Ghosh Kunal, Todorović Milica, Vehtari Aki, Rinke Patrick
Department of Applied Physics, Aalto University, P.O. Box 11000, FI-00076 Aalto, Finland.
Department of Computer Science, Aalto University, P.O. Box 15400, FI-00076 Aalto, Finland.
J Chem Phys. 2025 Jan 7;162(1). doi: 10.1063/5.0229834.
Active learning (AL) has shown promise to be a particularly data-efficient machine learning approach. Yet, its performance depends on the application, and it is not clear when AL practitioners can expect computational savings. Here, we carry out a systematic AL performance assessment for three diverse molecular datasets and two common scientific tasks: compiling compact, informative datasets and targeted molecular searches. We implemented AL with Gaussian processes (GP) and used the many-body tensor as molecular representation. For the first task, we tested different data acquisition strategies, batch sizes, and GP noise settings. AL was insensitive to the acquisition batch size, and we observed the best AL performance for the acquisition strategy that combines uncertainty reduction with clustering to promote diversity. However, for optimal GP noise settings, AL did not outperform the randomized selection of data points. Conversely, for targeted searches, AL outperformed random sampling and achieved data savings of up to 64%. Our analysis provides insight into this task-specific performance difference in terms of target distributions and data collection strategies. We established that the performance of AL depends on the relative distribution of the target molecules in comparison to the total dataset distribution, with the largest computational savings achieved when their overlap is minimal.

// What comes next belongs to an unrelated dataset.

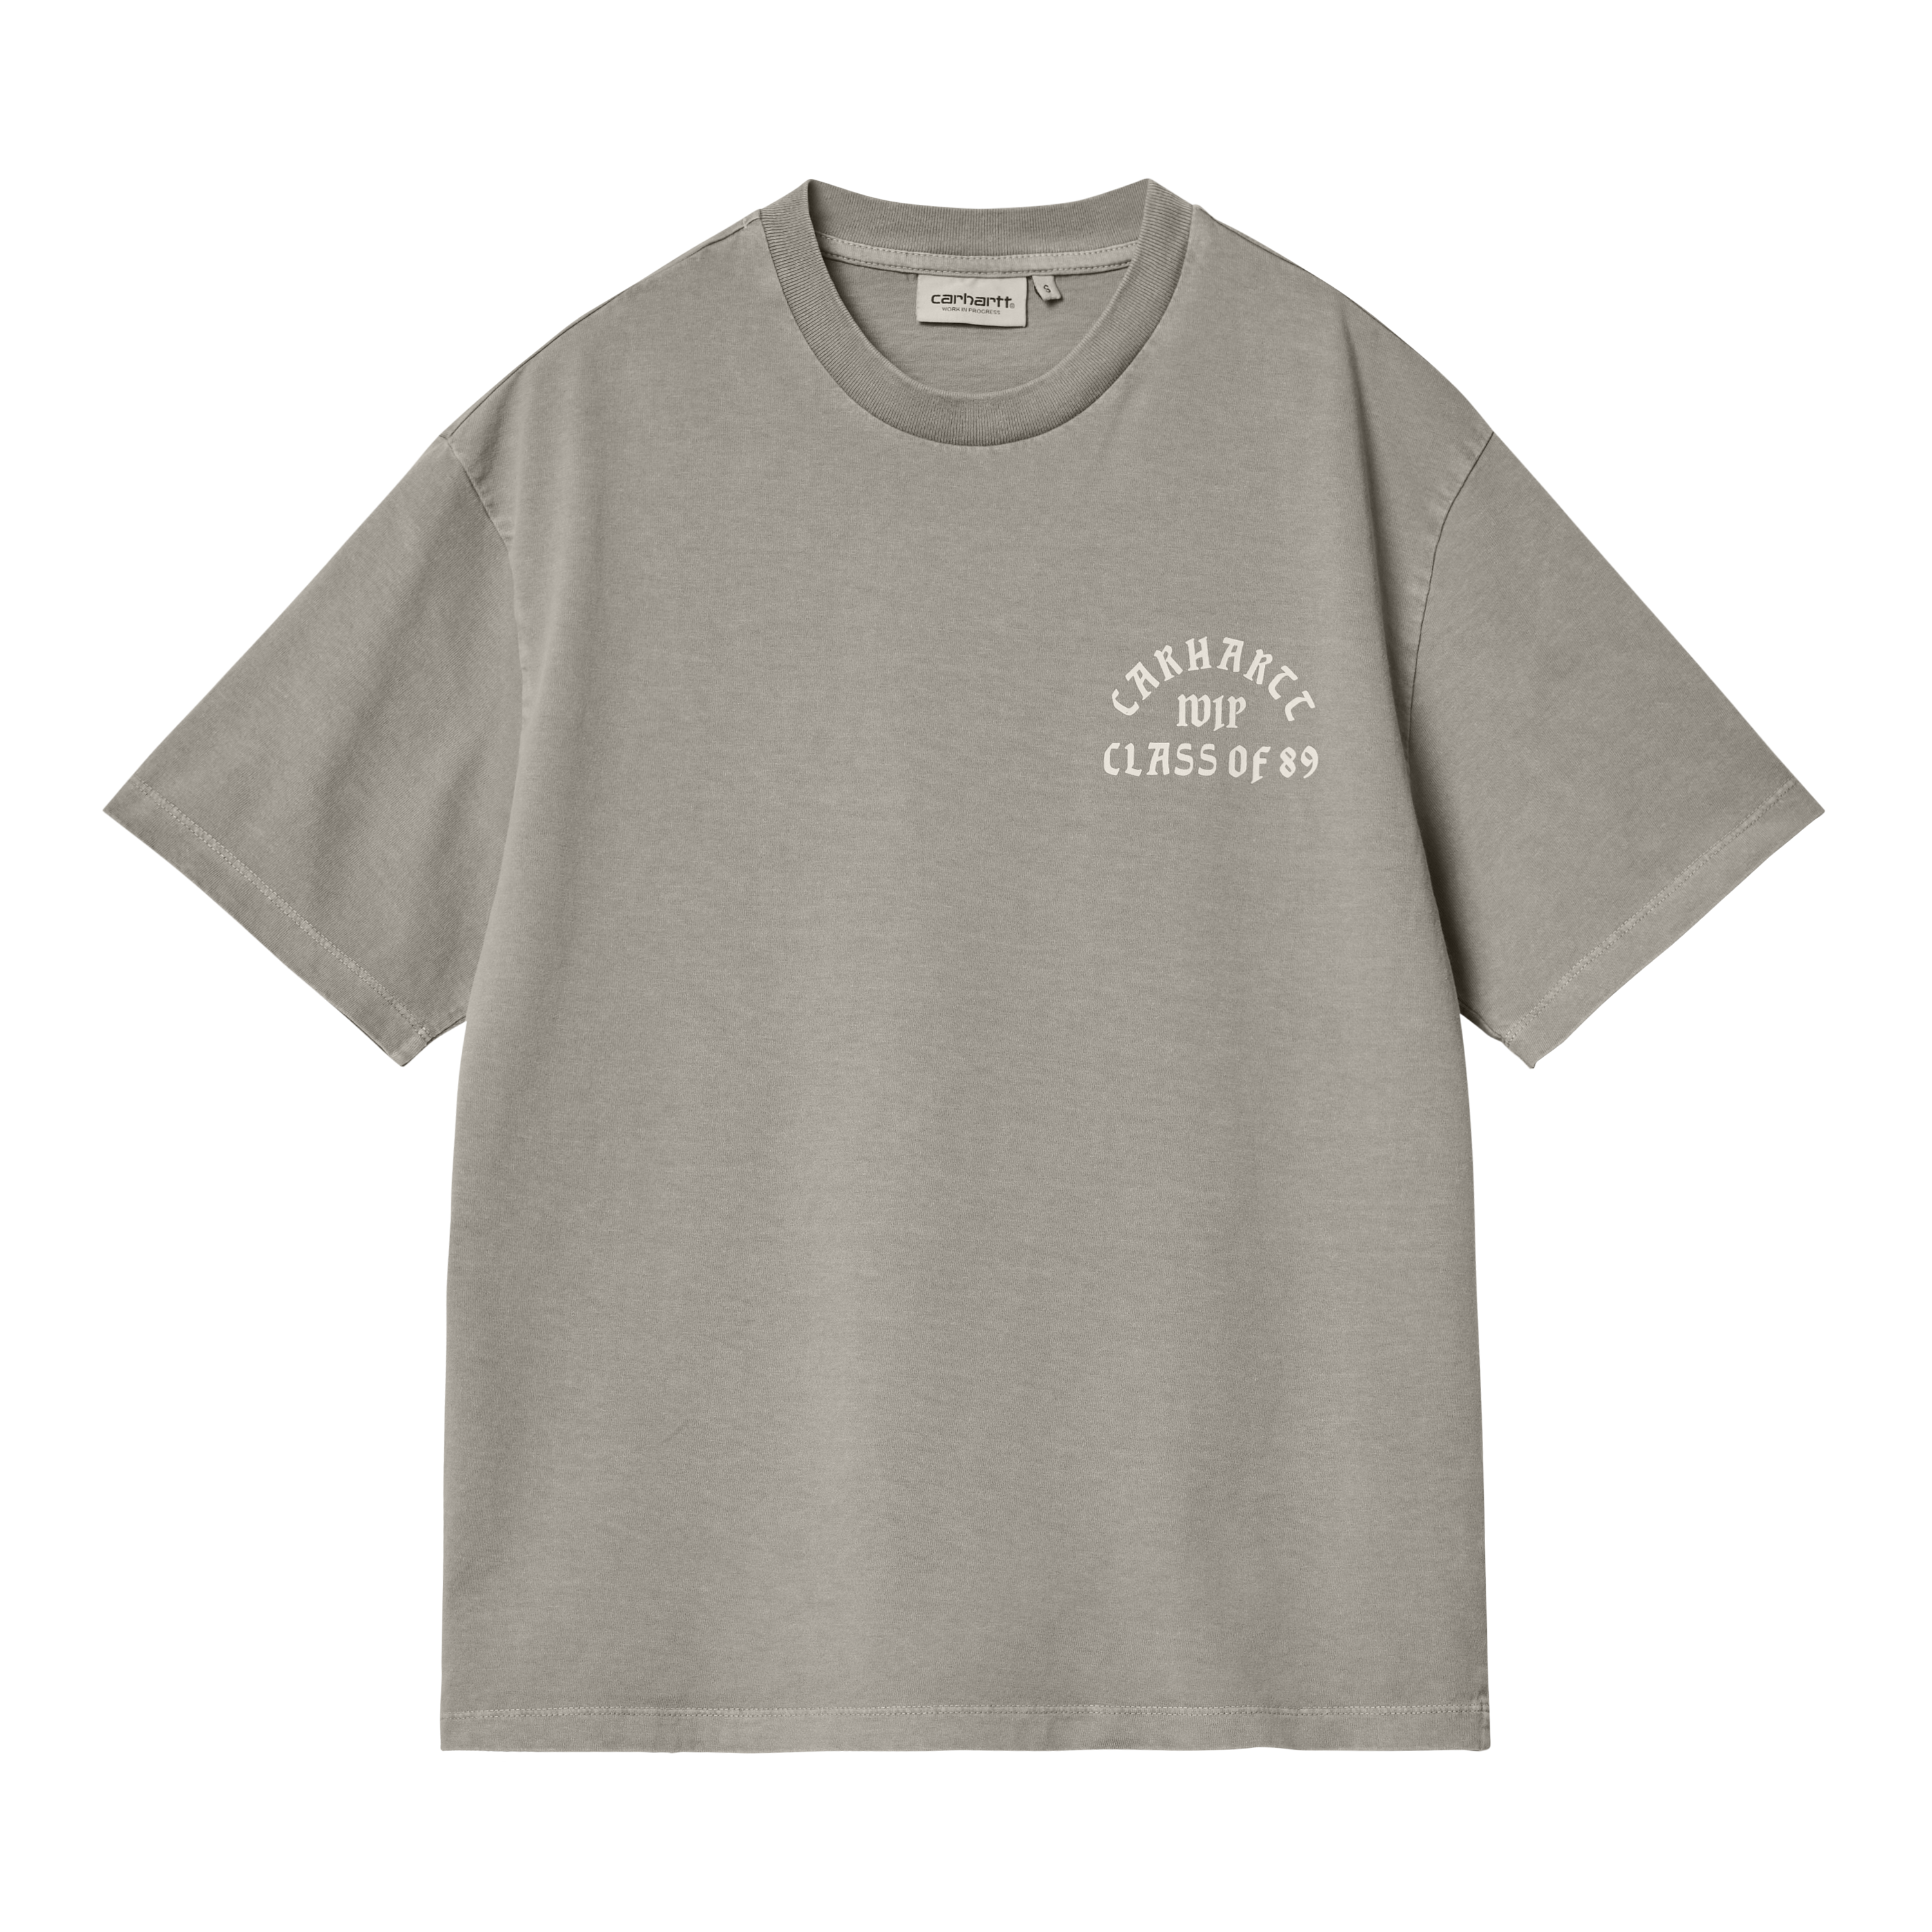 Carhartt WIP Women’s Short Sleeve Class of 89 T-Shirt Gris

主动学习(AL)已显示出有望成为一种特别数据高效的机器学习方法。然而,其性能取决于应用场景,并且尚不清楚主动学习从业者何时能够期待节省计算资源。在此,我们针对三个不同的分子数据集和两项常见的科学任务开展了系统的主动学习性能评估:编译紧凑、信息丰富的数据集以及靶向分子搜索。我们使用高斯过程(GP)实现了主动学习,并将多体张量用作分子表示。对于第一项任务,我们测试了不同的数据采集策略、批次大小和高斯过程噪声设置。主动学习对采集批次大小不敏感,并且我们观察到,对于将不确定性降低与聚类相结合以促进多样性的采集策略,主动学习性能最佳。然而,对于最优的高斯过程噪声设置,主动学习并未优于随机选择数据点。相反,对于靶向搜索,主动学习优于随机采样,并且实现了高达64%的数据节省。我们的分析从目标分布和数据收集策略方面深入了解了这种特定任务的性能差异。我们确定,主动学习的性能取决于目标分子相对于整个数据集分布的相对分布,当它们的重叠最小时,可实现最大的计算节省。